Another key concern is you are also upgrading and changing the user experience. The way you do things is different, and people tend to resist change, especially if there is no clear gain, and people don’t respond well to radical change. So you are introducing change and complexity in the already complex world of cloud, you have to ask if it’s worth it.
In choosing a provider, hybrid cloud providers assume you are maintaining your own data center and some IT functions. So the question becomes what are you looking to get out of hybrid cloud. Some might want it for times when they need a lot of compute power, such as during a compile. Others might use it as a disaster recovery solution.

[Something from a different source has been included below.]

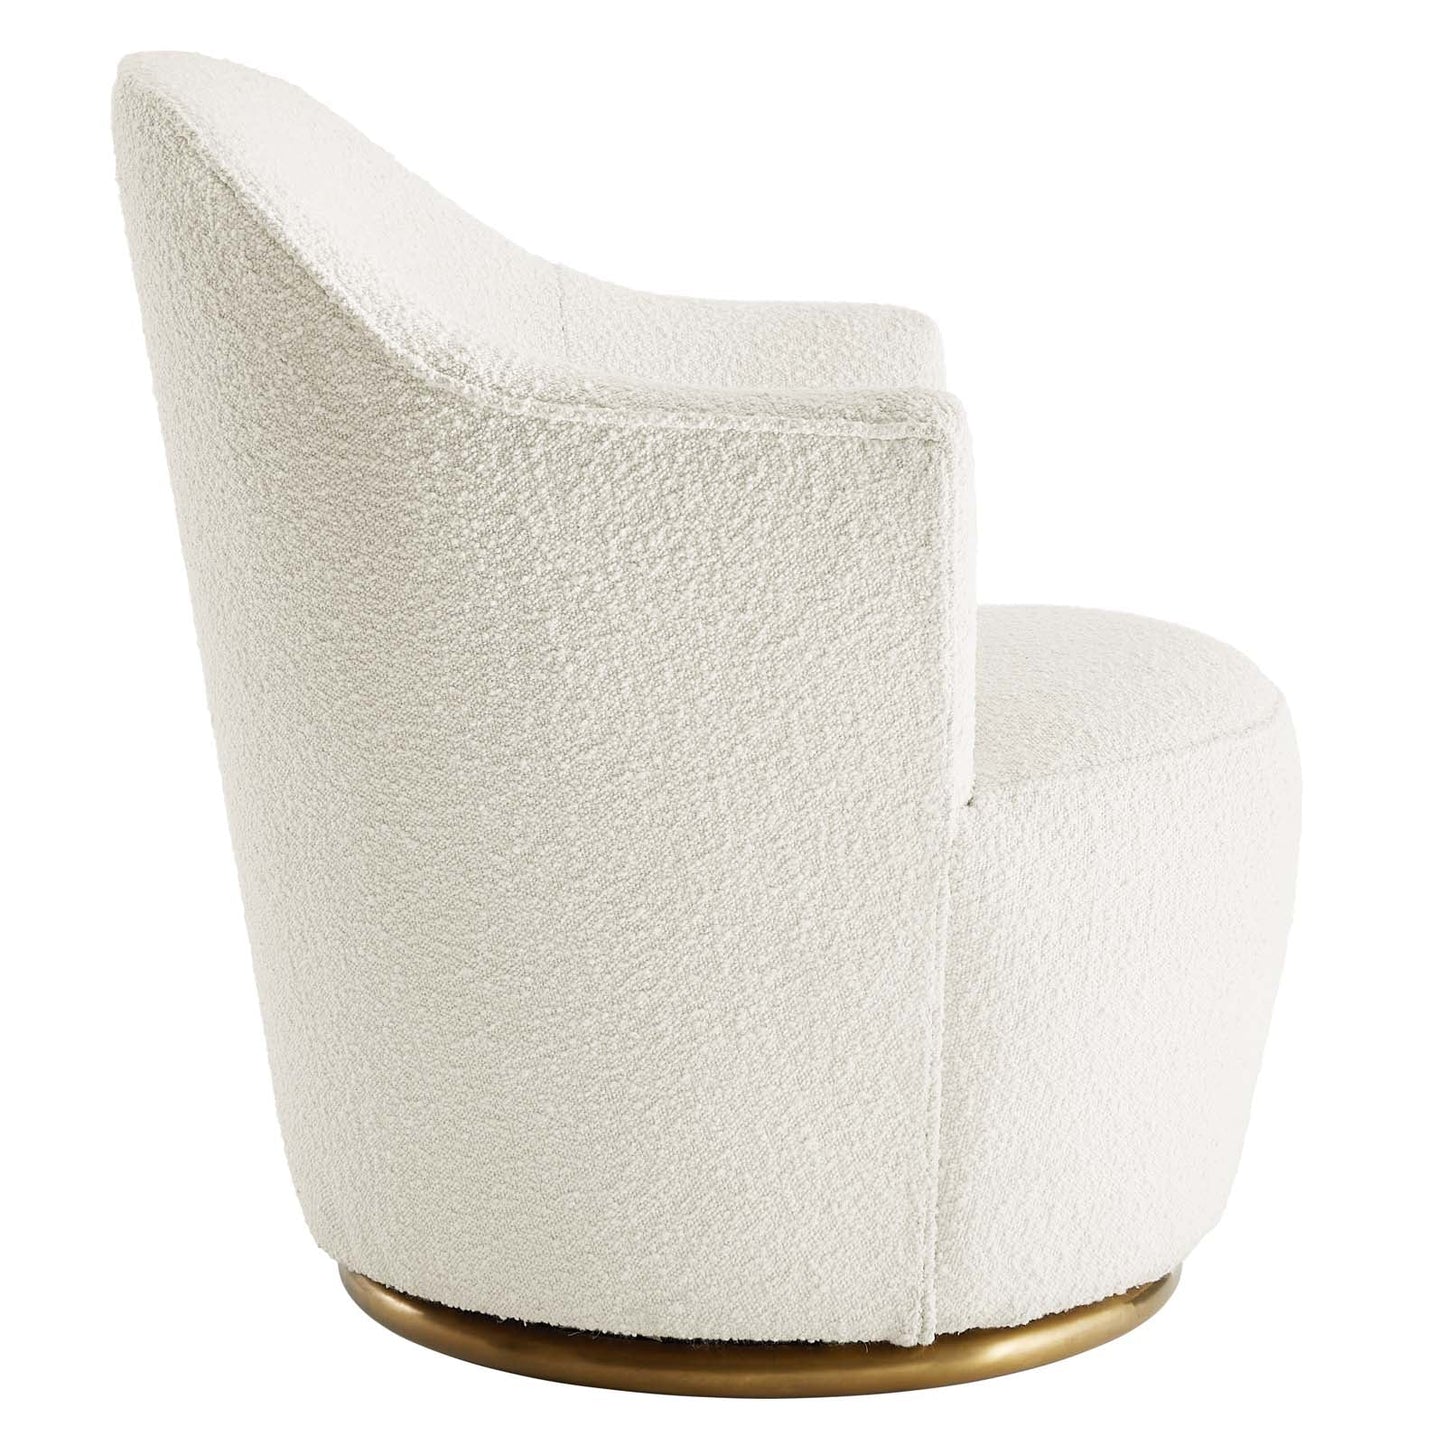 Maizie Boucle Upholstered Swivel Chair

“It pays to pay attention to what services are offered, what benefits you gain. It’s not as often in clear in hybrid as some traditional methodologies,” said King. “You are certainly going to be maintaining assets around data centers. So companies have to spend a lot of time on logistics and planning and make sure the benefits they think they are going to get are actually achievable.”
Hybrid Cloud Providers
The market for hybrid cloud providers is growing as more and more enterprise realize that some form of hybrid cloud likely their best strategy. Clearly, the hybrid cloud market is a diverse as the companies that serve it. AWS, for instance, so heavily promotes the concept of the public cloud as the answer to any enterprise problem that it’s not known as a hybrid provider. Though strictly speaking, a company could cobble together a hybrid cloud using its offerings. Microsoft is particularly strong in hybrid cloud, and many cloud experts predict that this strength will be a big competitive edge for its Azure offering in the years ahead.

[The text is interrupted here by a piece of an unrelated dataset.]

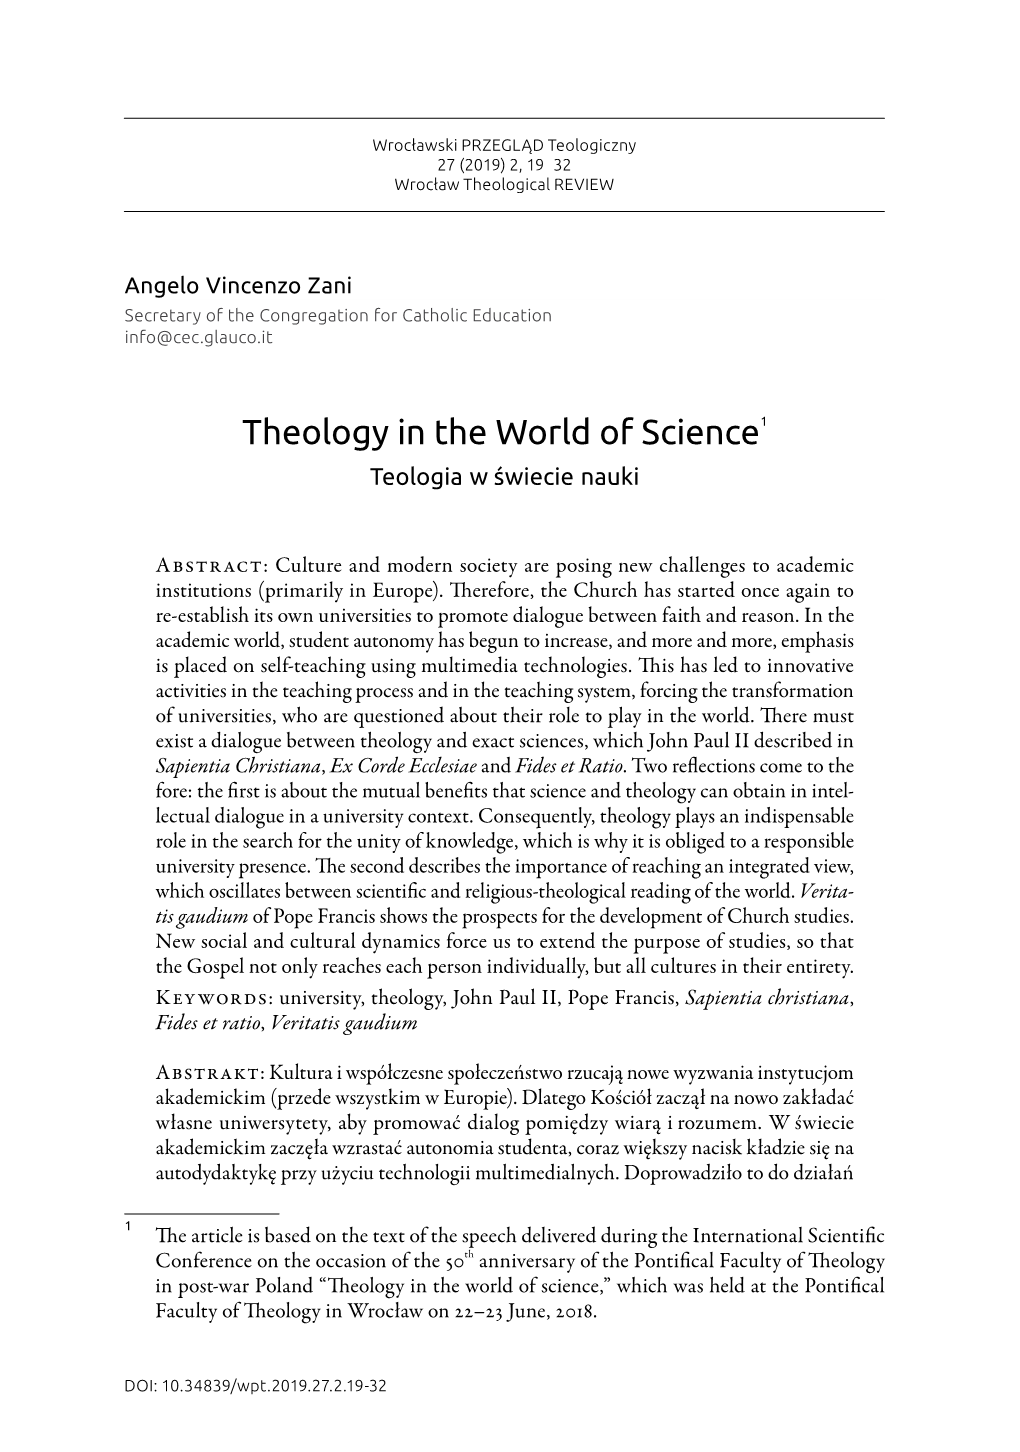 Theology in the World of Science1

These hybrid cloud providers each take a different approach to adding hybrid cloud services.
Hybrid Cloud Criticisms
One of the knocks on cloud service providers like Salesforce, NetApp, Oracle, and ServiceNow is that they don’t offer significant custom fits. They are for the most part strictly off the shelf, one size fits all. They allow for some customizations or extensions to fit your business but by and large, they are fairly vanilla.
There is a watchword for the cloud called fit to standard, which means the cloud does by definition require you to accept certain business practices as standard. The cloud apps are fundamentally multitenant, so there is a requirement you do not do customization in the software.

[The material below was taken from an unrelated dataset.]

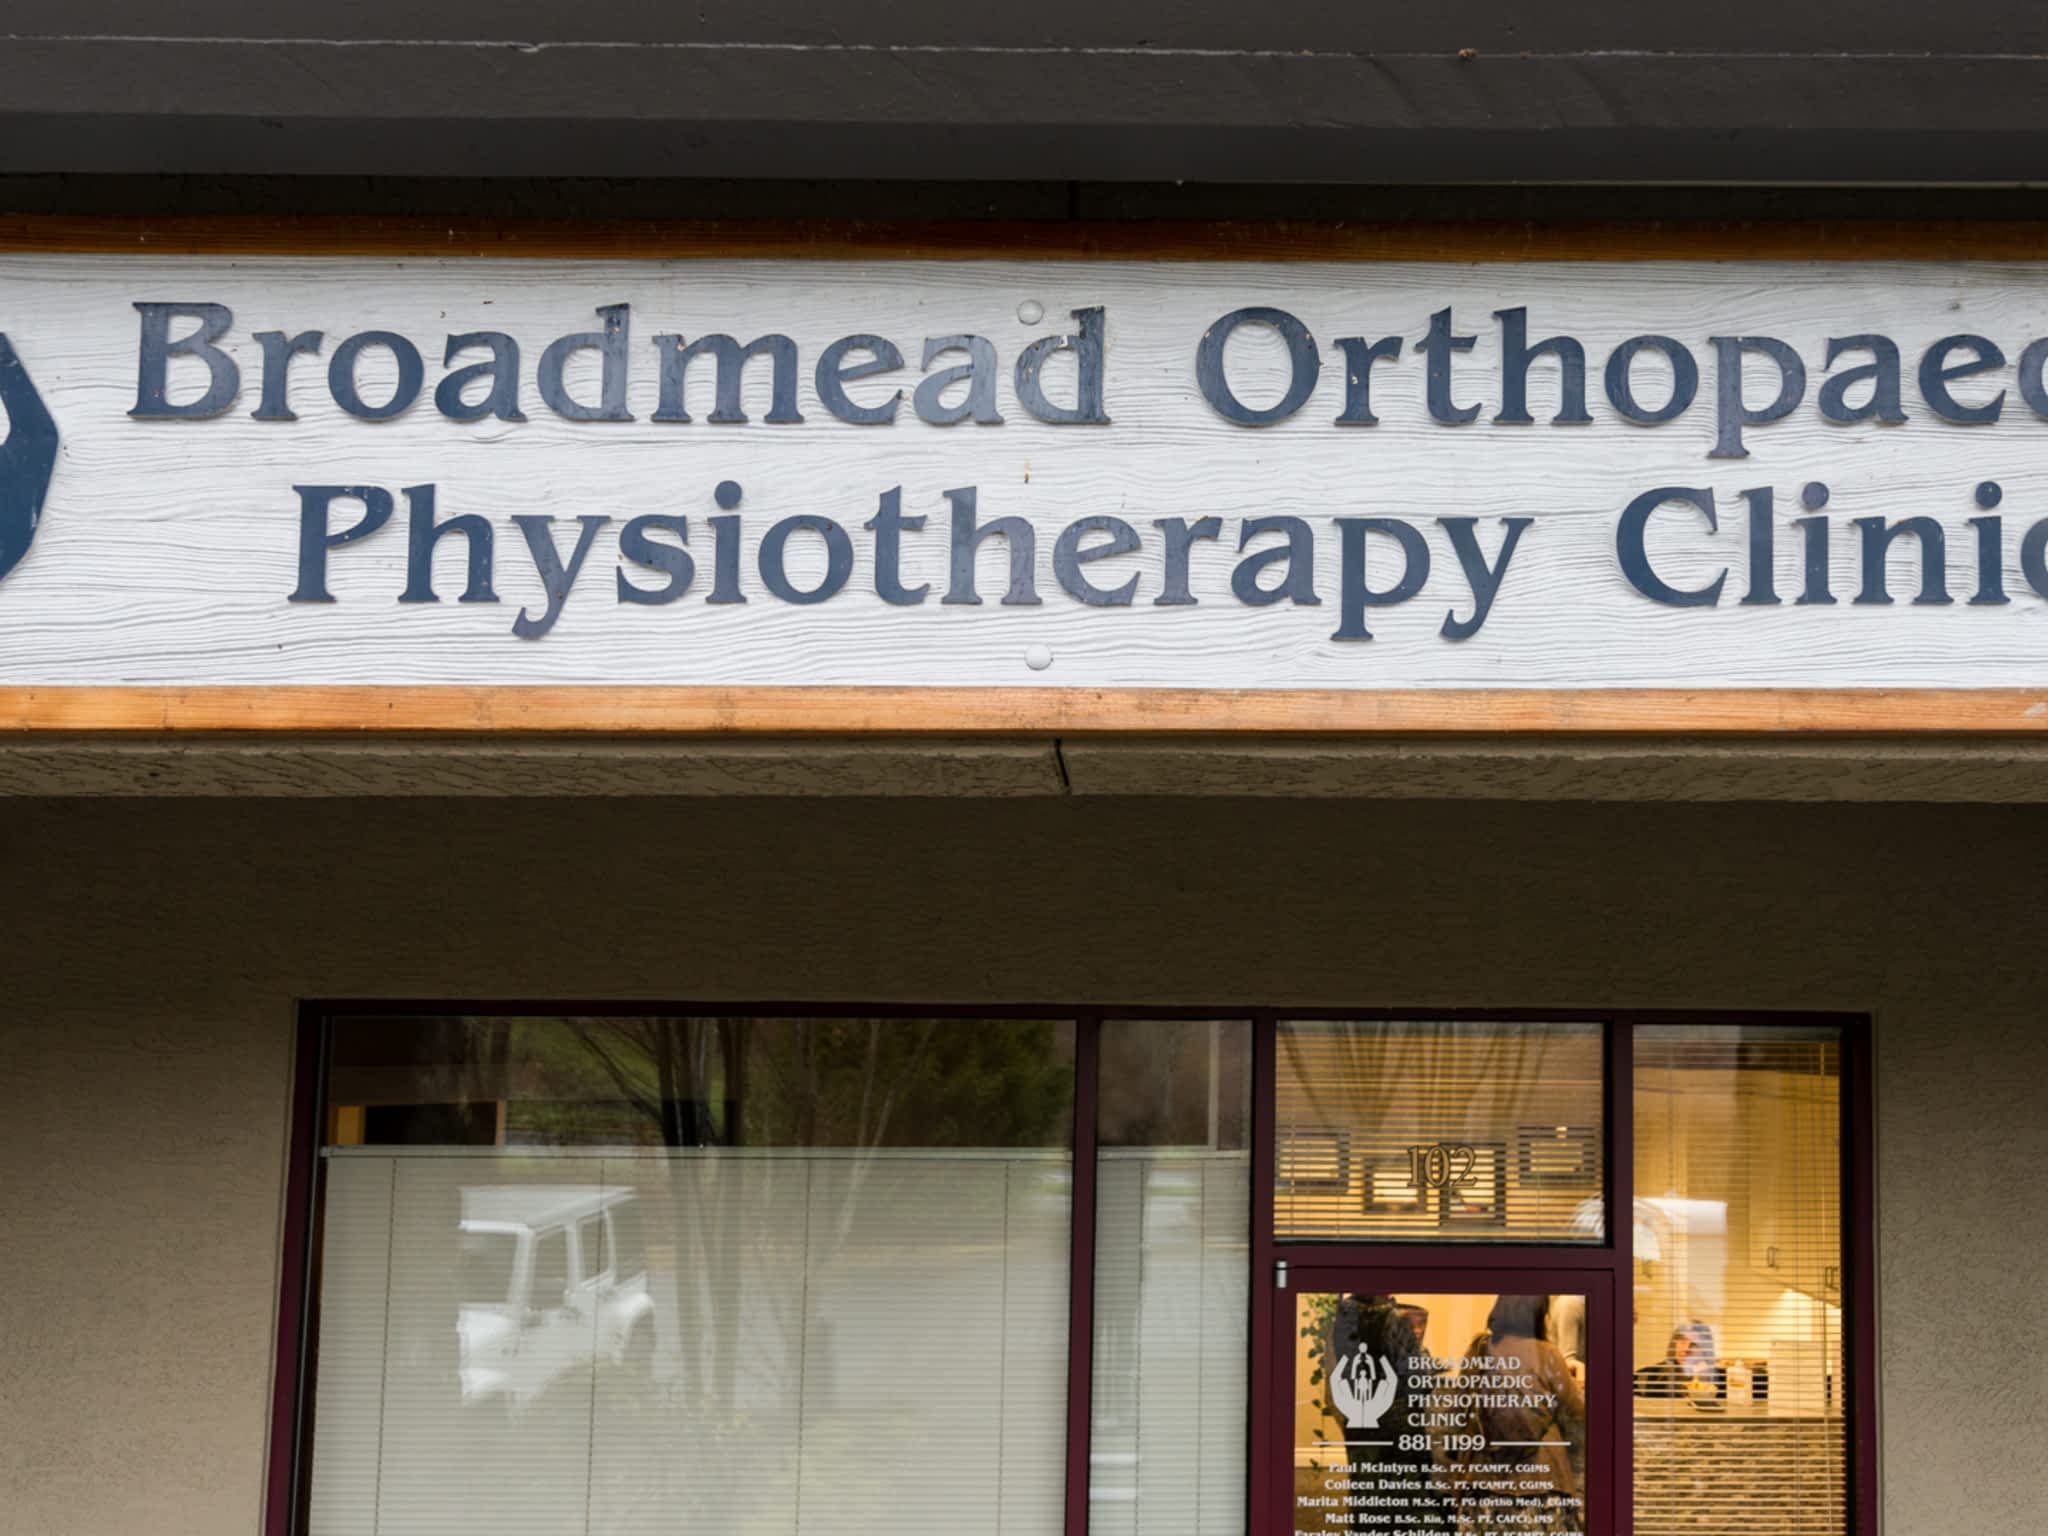 photo Broadmead Orthopaedic Physiotherapy Clinic

“It’s not meant to be a common denominator approach, these are best practices, but in the cloud you have to do business as everyone else does business and if you want to deviate you do it in a hybrid environment and either build custom apps or build in the cloud but not a multitenant apps,” said Greenbaum. Also, many of the leaders of on-premises software have jumped into the cloud, offering SaaS versions of their once on-premises apps, but they haven’t always had parity. For example, Microsoft’s SQL Server initially was available to Azure subscribers as a partial implementation, but up until recently, it lacked some features of the on-premises version. It was only with the recent release of SQL Server 2016 that the on-premises version and Azure version are identical.
Next Steps
Right now, commercial enterprise software design has shifted to cloud-first and then the on-premises version, but Gartner predicts that by 2019 or 2020, it will be cloud-only for software development, supporting either public or private cloud, or both.
So the public cloud is growing and, one way or another, companies IT infrastructure will leverage it. Moving your entire data center to the cloud may be unsuitable, especially if there are legacy systems that will not be available in the cloud. More likely, the public cloud will be a piece of your overall computing systems, and in that scenarios, you are a hybrid cloud user.